Apple’s already above $300 bucks a share, so maybe the more interesting question is, who gets helped most by the Apple effect?
It’s a tough question – not as simple as tearing open some Apple products and seeing whose parts are inside. Some companies in Apple’s ecosystem, like Intel , don’t see an outsized impact from Apple’s business. Others, like ARM, have already had nice runs lately.
So who potentially gets helped most from here? Here’s my unconventional short list of names to look out for:
Qualcomm: This chipmaker gets helped two ways. One, it will benefit if and when Apple eventually releases CDMA versions of the iPhone and iPad, since it has patents on the underlying wireless technology. Two, Apple’s competitors are turning to Qualcomm’s Snapdragon chips to compete with Apple’s homegrown A4.
Motorola: Co-CEO Sanjay Jha was the first to make a really big bet on Android, before it emerged as the clear iPhone competitor it is today. Moto’s consumer business is spinning out into a separate company early next year, and Jha tells me he’s got a plan to get TV content onto Motorola’s smartphones. Hollywood might back Motorola’s ambitions to keep Apple from getting too powerful.

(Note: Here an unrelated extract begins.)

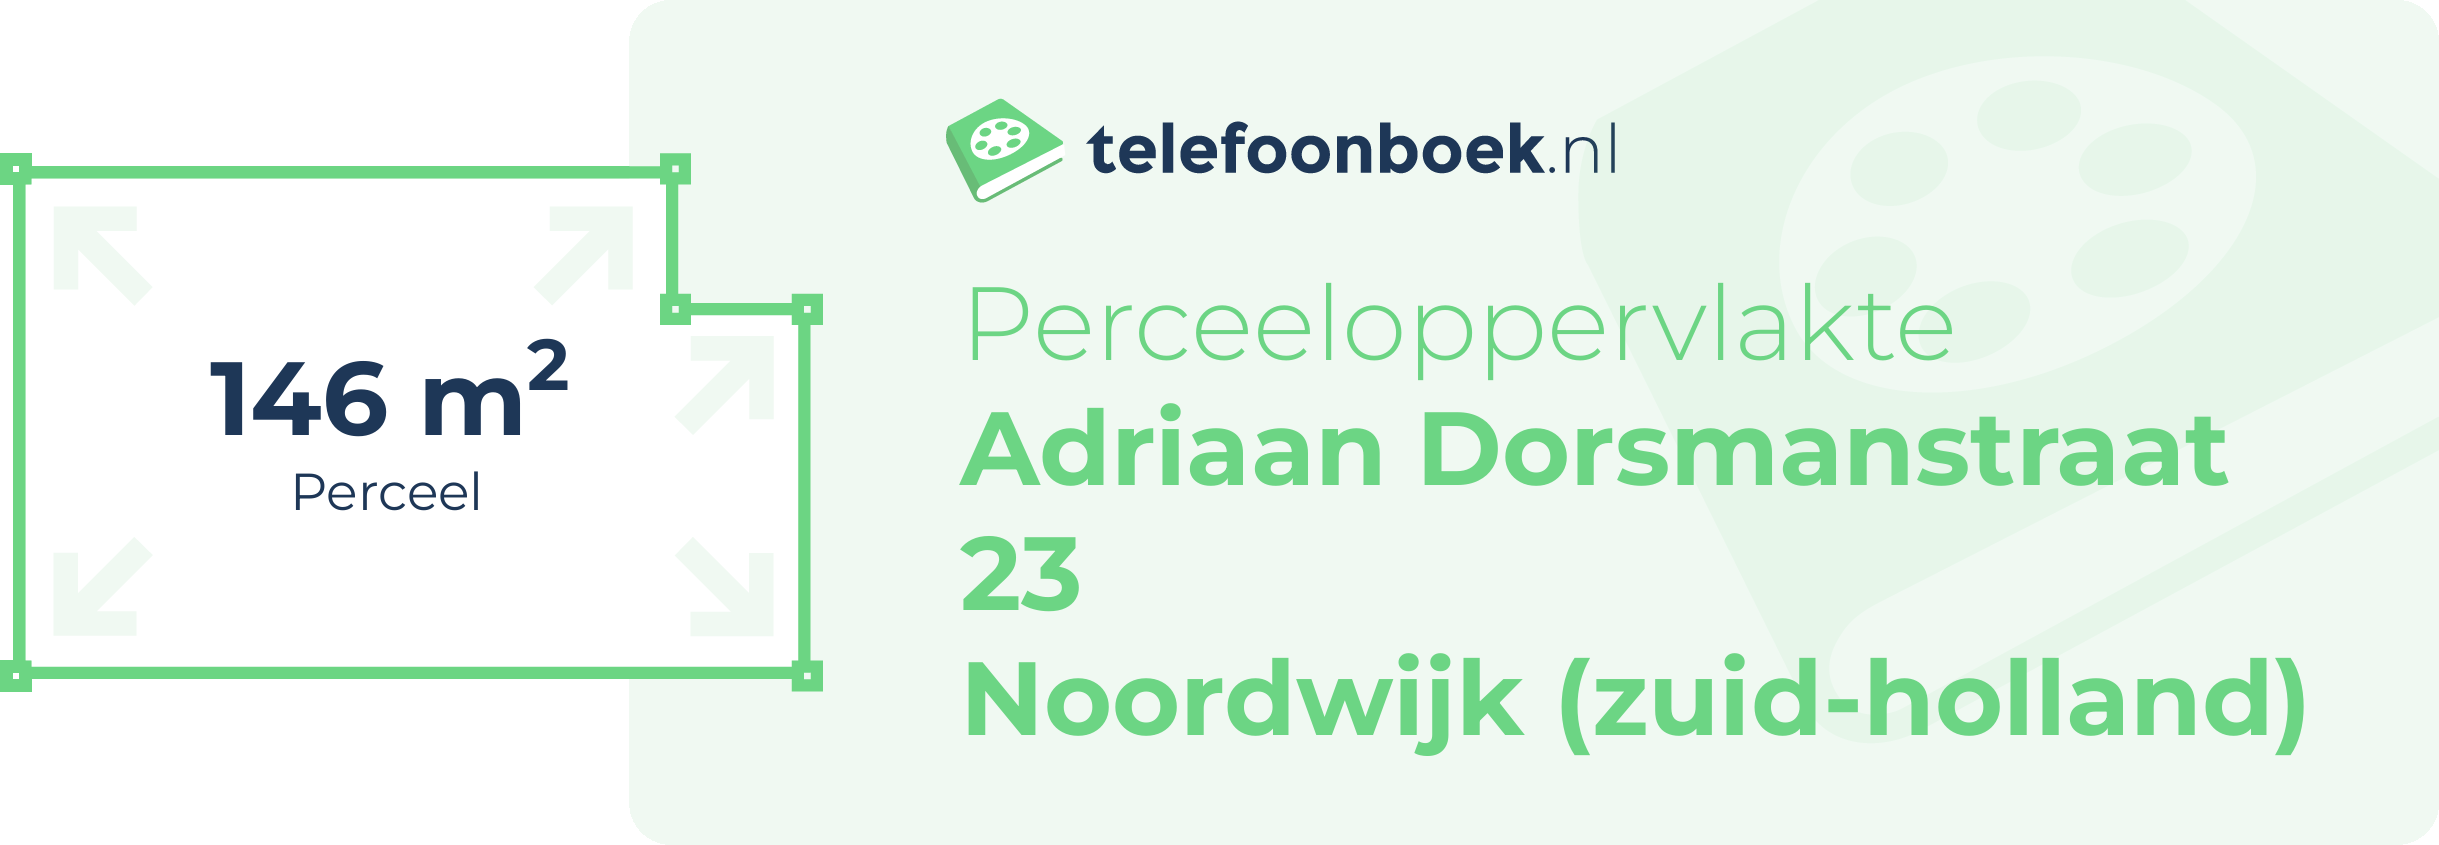 Perceeloppervlakte Adriaan Dorsmanstraat 23 Noordwijk (Zuid-Holland)

AMD: Investors aren’t thrilled with the chipmaker’s stock lately, understandably so. Intel has soundly beaten them in the past. But here’s the thing: Its product strategy for 2011 happens to line up with Apple’s general direction.
By baking a graphics core into its main chip die in its upcoming Fusion microprocessors, it aims to help Apple competitors affordably compete with the Mac’s lean power. And AMD’s recent move to rebrand its ATI graphics chips as “AMD” graphics chips – which already appear in Apple computers, by the way – should give the overall AMD brand a boost in 2011.